The US$1.8 billion (S$2.5 billion) contract comes amid concerns over China's land reclamation in contested waters in the South China Sea and over stability in the Taiwan Strait, with the pro-independence Democratic Progressive Party (DPP) tipped to wrest power at Taiwan's presidential election next month.
Foreign Vice-Minister Zheng Zeguang summoned US charge d'affaires Kaye Lee on Wednesday and "made solemn representations" over the deal announced that day. "To safeguard our national interests, China has decided to take necessary measures, including imposing sanctions against the companies involved in the arms sale," he said.
He also urged the US to abide by its commitment in their three joint communiques, revoke the planned arms sale and cease military contact with Taiwan,which China considers as a renegade province that it is prepared to recover by force.
Under the 1982 joint communique, the US promised to gradually reduce, and eventually stop, all arms sales to Taiwan, though there is no specified timeline.
The Chinese defence ministry said yesterday that Taiwan is a "core interest" for the country and the arms sale would damage China's national sovereignty and security.

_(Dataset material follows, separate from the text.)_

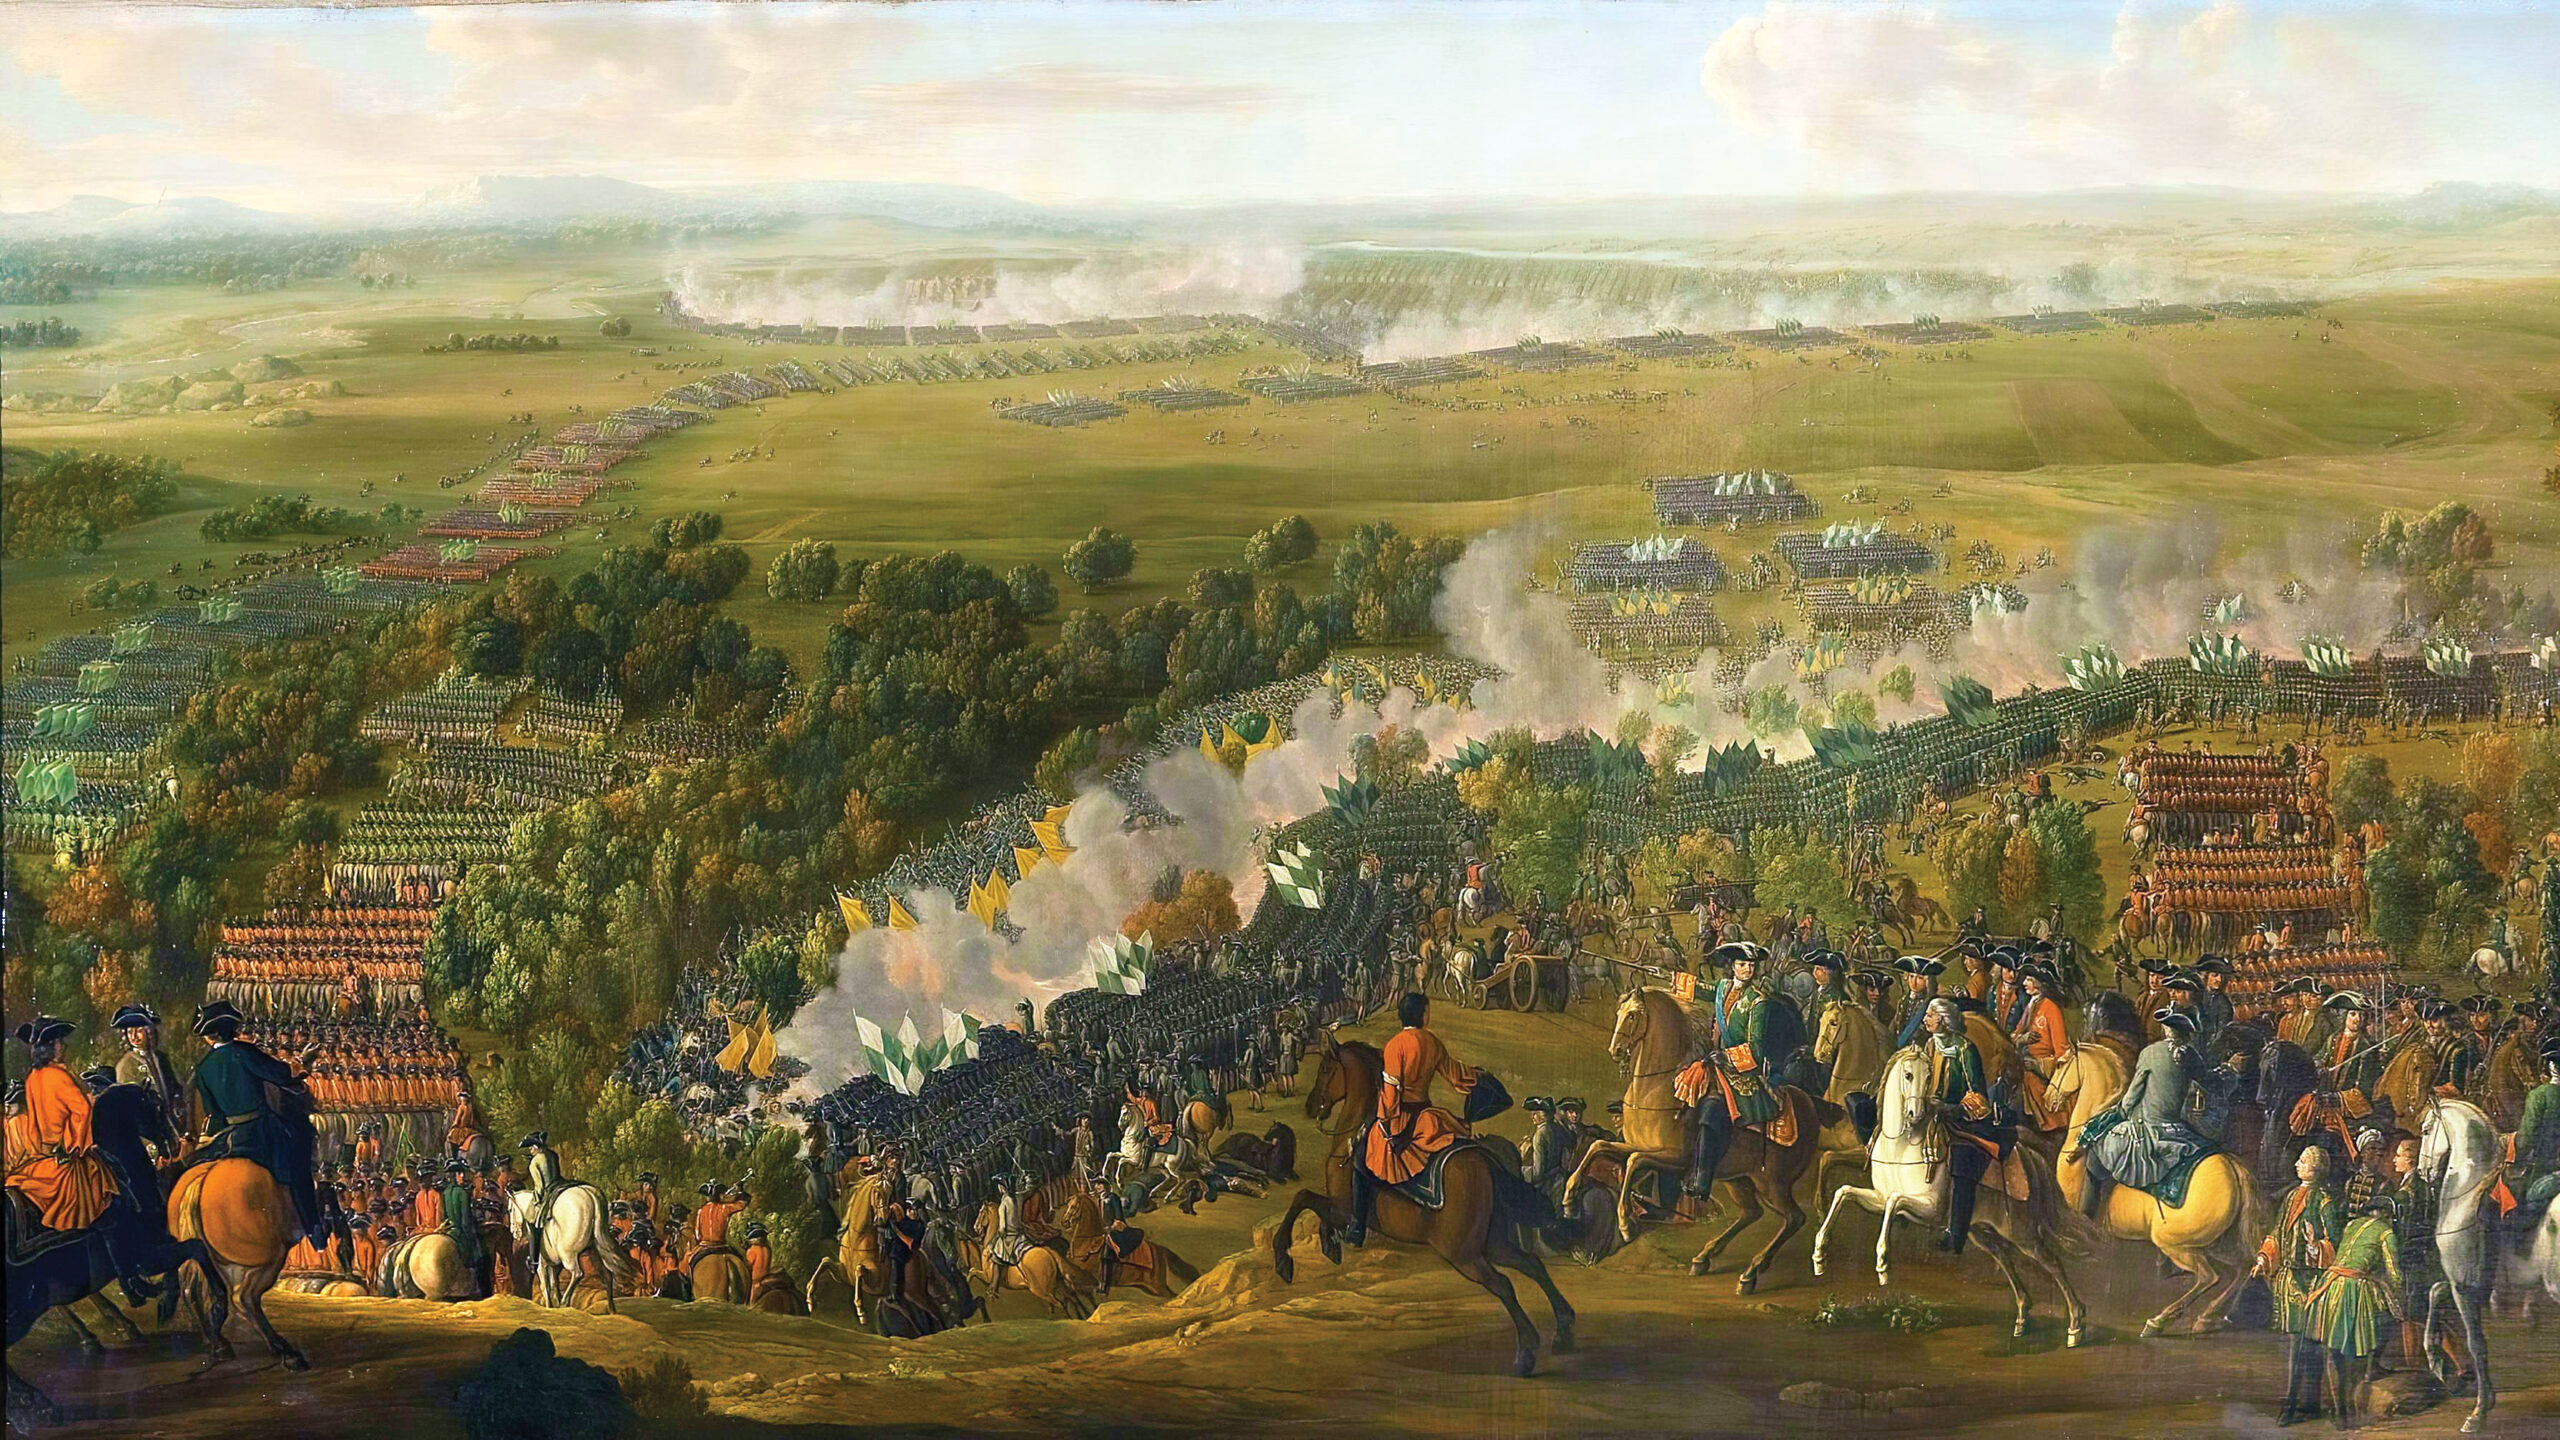 Always the optimist, Swedish King Charles XII did not blame Lewenhaupt for the catastrophe that occurred at Lesnaya. Rather than retreat to replenish his army, the Swedish king attacked at Poltava with disastrous results.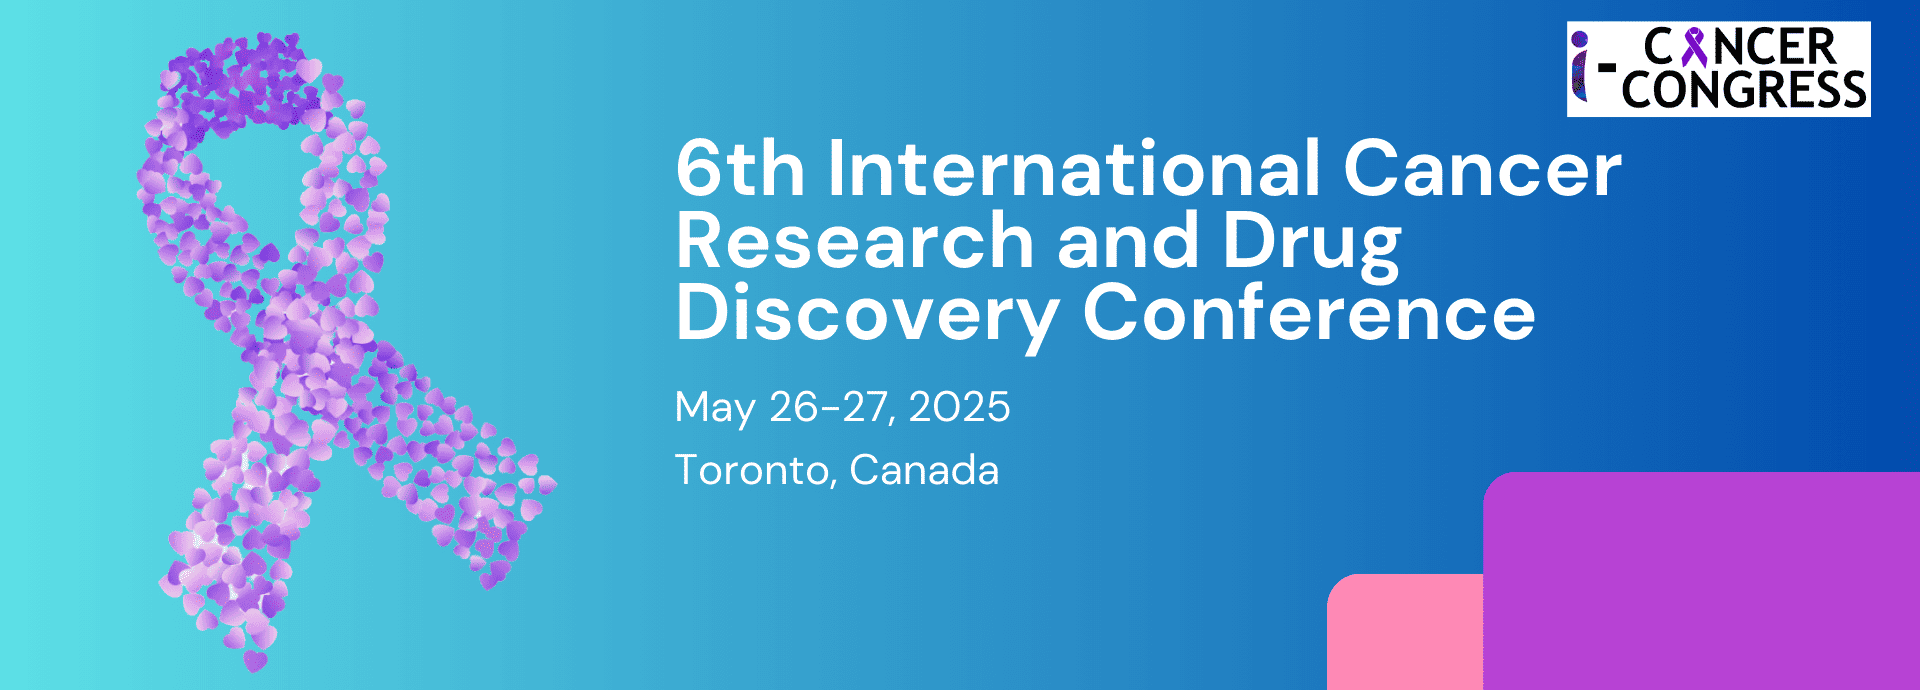 International Cancer Research and Drug Discovery Conference

The foreign ministry said the government and Chinese companies would not cooperate with US firms involved in the arms deal.
But US officials say the sale was in keeping with the 1979 Taiwan Relations Act - which commits the US to provide sufficient weapons to maintain Taiwan's ability to defend itself - and there was no change in the US' "one China" policy.
Mr J. Randy Forbes, chairman of the House Armed Services Seapower and Projection Forces Subcommittee, said the US obligation "should not be subject to political considerations".
The US State Department had informed the Congress on Wednesday that it intended to sell two Perry-class frigates, Javelin anti-tank missiles, TOW 2B anti-tank missiles, AAV-7 Amphibious Assault Vehicles and a range of other military equipment to Taiwan.
US arms sales to Taiwan have often triggered strong condemnation in China, but made little impact on cross-strait and Sino-US ties.There are mixed views in China on the impact of the latest deal on these ties.
A commentary by Xinhua news agency yesterday said it would disrupt cross-strait ties that "have reached an unprecedented level since 1949", with the historic meeting between Chinese President Xi Jinping and Taiwanese leader Ma Ying-jeou - from the China-friendly Kuomintang - in Singapore last month.
"It will only embolden the separatists on the island to take reckless steps to damage peace and stability across the Strait," it added.
National Defence University professor Li Li told local media yesterday that the deal would do little to alter the asymmetry between Chinese and Taiwanese militaries.
Beijing-based military analyst Wang Xiangsui said China's reaction may not escalate, as the US has shown restraint by not including the F-16 fighter jets, top of Taiwan's wishlist, in the arms deal.
"Also, by announcing the arms deal before the Kuomintang rule ends, the US avoids sending the signal that it backs the DPP, which could provoke a stronger Chinese reaction," he told The Straits Times.